Nine more stations from Novena station to Outram Park station via Raffles Place opened on 12 December that year. The line was extended northward to Yishun station on 20 December 1988 as part of phase 2B and it began independent operations on 4 November 1989 as the North–South Line when the extension to Marina Bay station was opened.

===Woodlands extension===

The growth of the Mass Rapid Transit (MRT) system demonstrates the Government's commitment to develop a top-rate public transport system for the benefit of our people. Now [the Woodlands residents] too can enjoy the high quality service provided by the MRT... Achieving a world class land transport system takes time. Whether we can do so or not does not depend on the Government alone. It depends on all of us. If the people and the Government continue to work together, as we have done in the past, we will produce the economic growth and budget surpluses to build, not just a world-class transport system, but also the most attractive Singapore for our children to grow up in the 21st Century.
— – Then-Prime Minister Goh Chok Tong, at the official opening of the Woodlands MRT line, on 10 February 1996.

After the Branch Line opened in 1990, the Woodlands MRT line was envisioned so as to close the gap between Yishun and Choa Chu Kang stations. Numerous changes were made to the number of stations for the extension mainly to accommodate the 1991 Concept Plan by the Urban Redevelopment Authority, which aimed to make Woodlands a regional centre for northern Singapore.

During the initial planning of the line, Sembawang station was only intended as a provisional station, to be built at a later date due to the underdevelopment of Sembawang, and construction began on 19 November 1992. Sembawang station and Kranji station were later included in the construction after the second round of planning (construction began at the same time on 19 November 1992) and Sungei Kadut station was then omitted.
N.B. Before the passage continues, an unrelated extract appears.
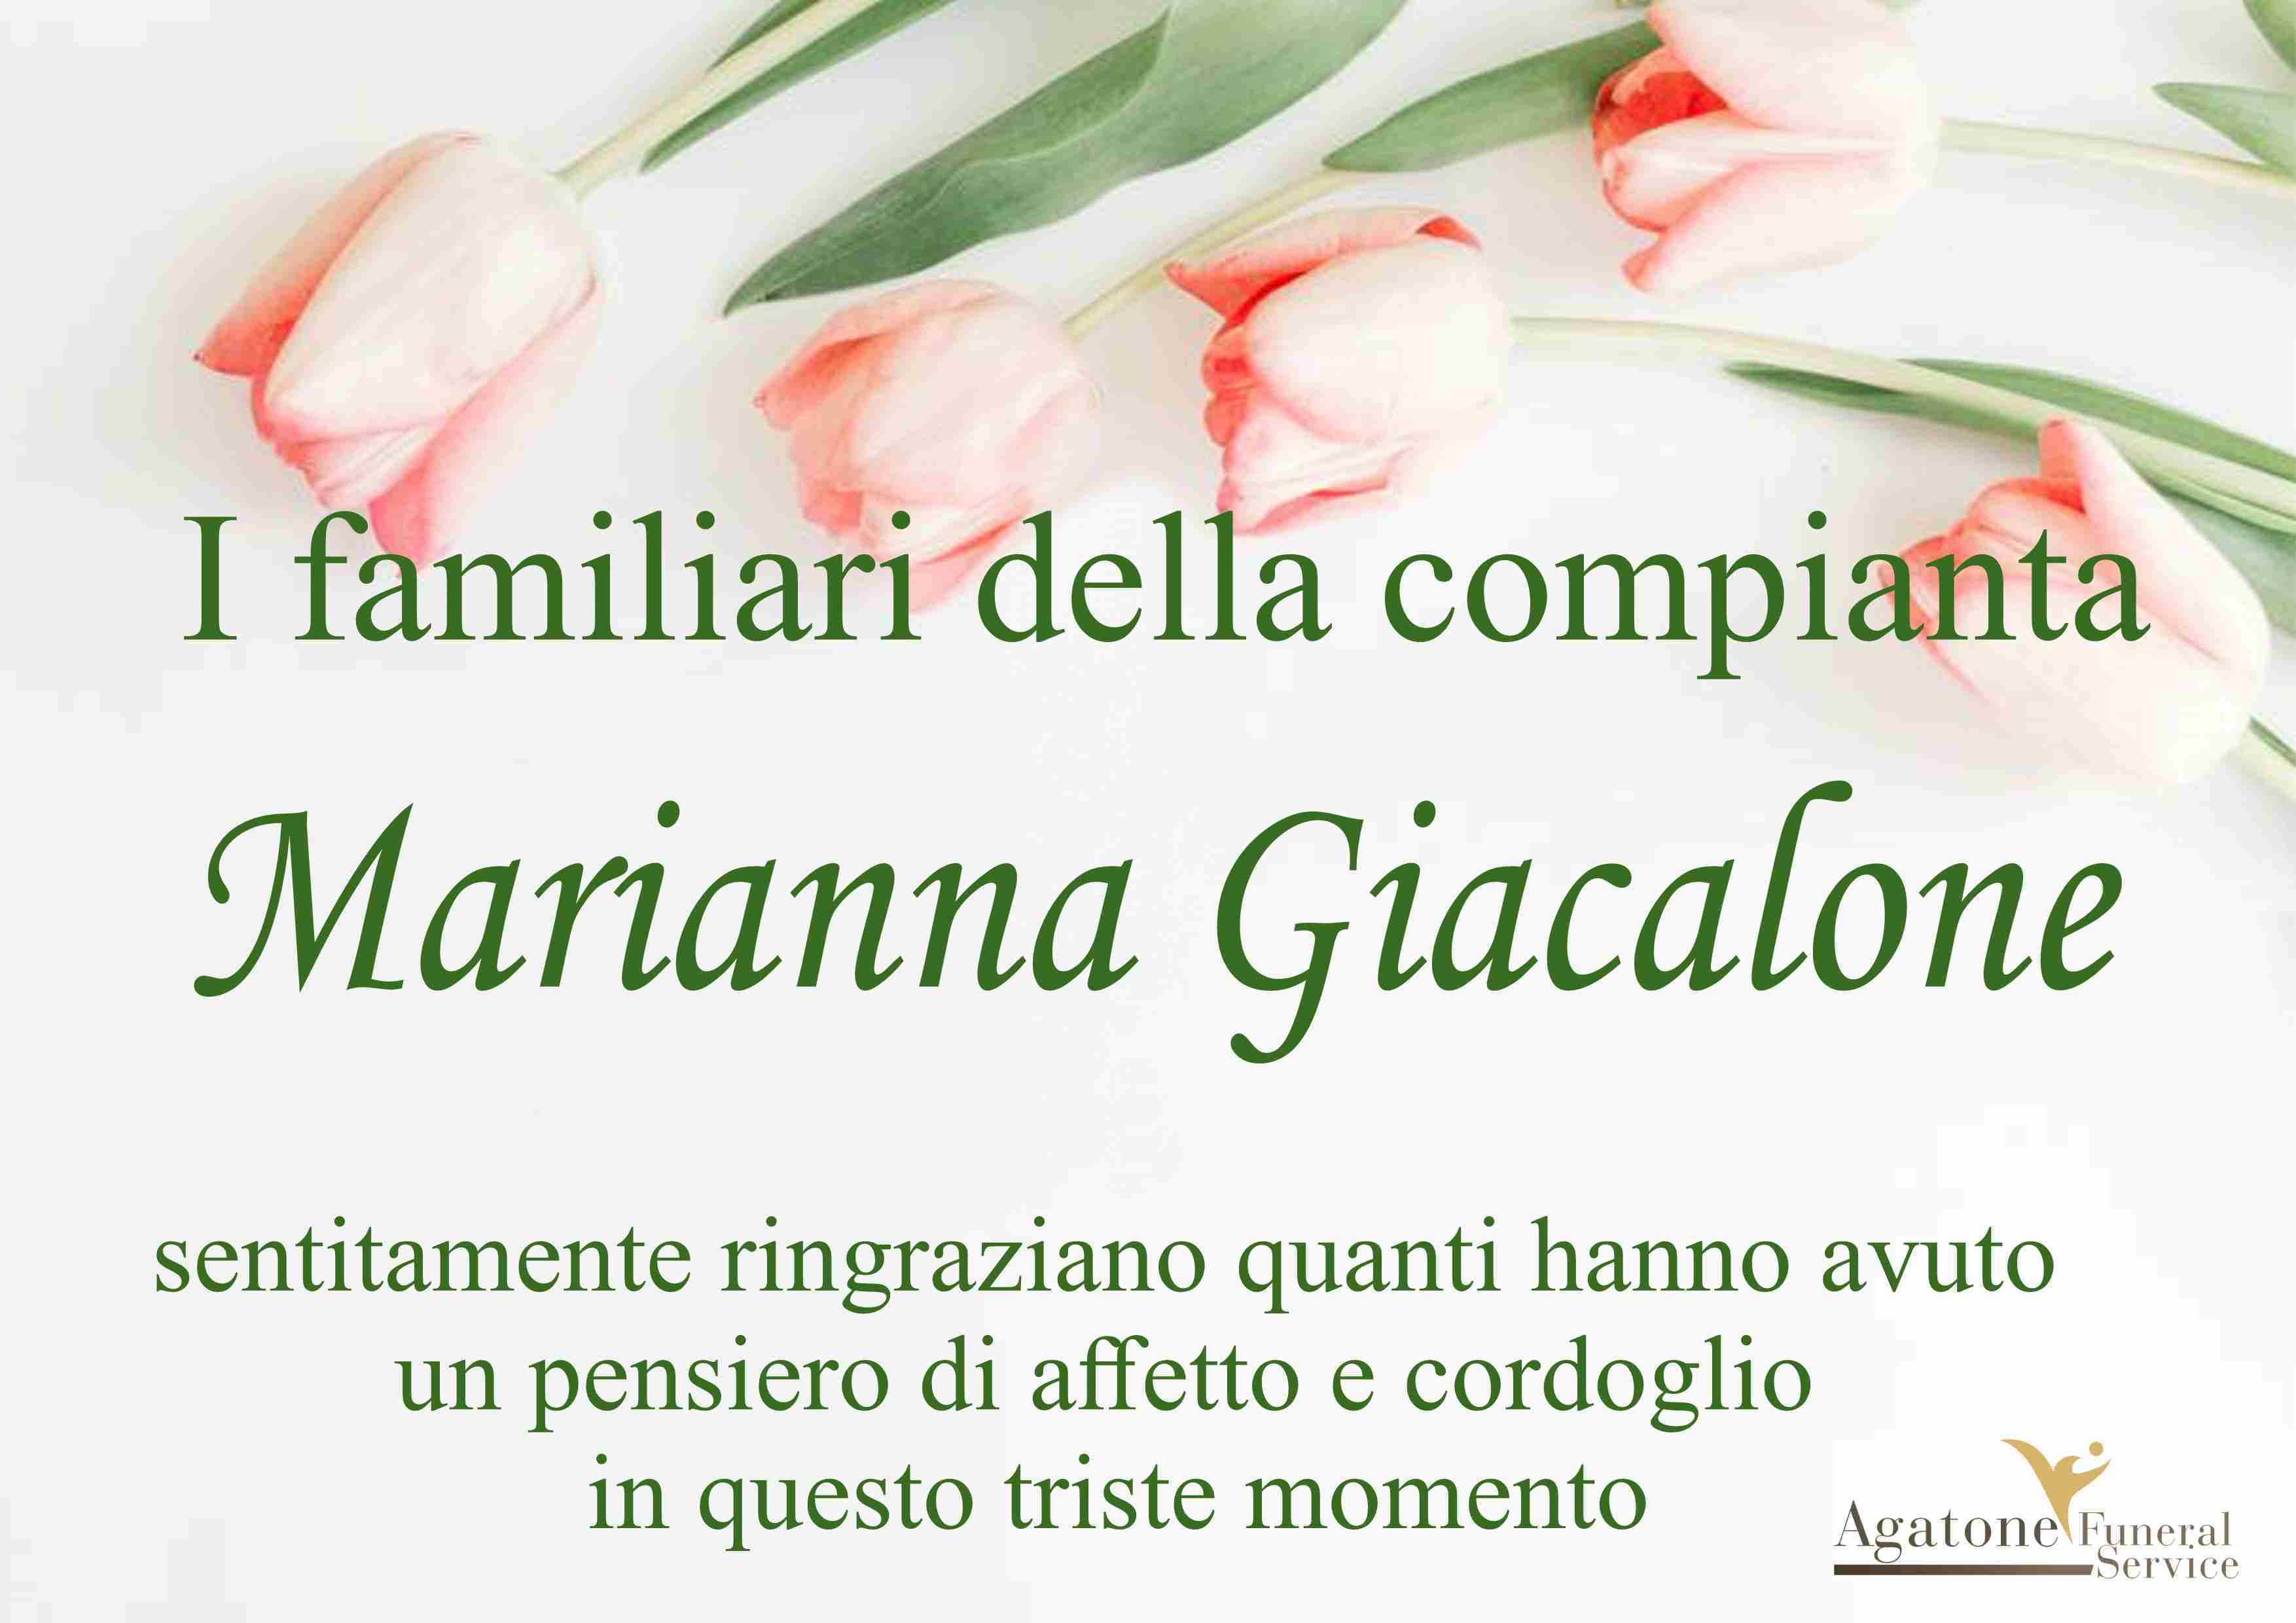 Marianna Giacalone

Sungei Kadut will be built later if the town's population justifies the necessity for the station.

During the construction, a total of 19 new trains were purchased for almost S$259 million for the new MRT line, designed by German company Siemens Aktiengesellschaft, to complement the 66 first-generation C151 trains. There was also a need to level the land covered in thick vegetation in Kadut, Woodlands and Sembawang for the MRT line.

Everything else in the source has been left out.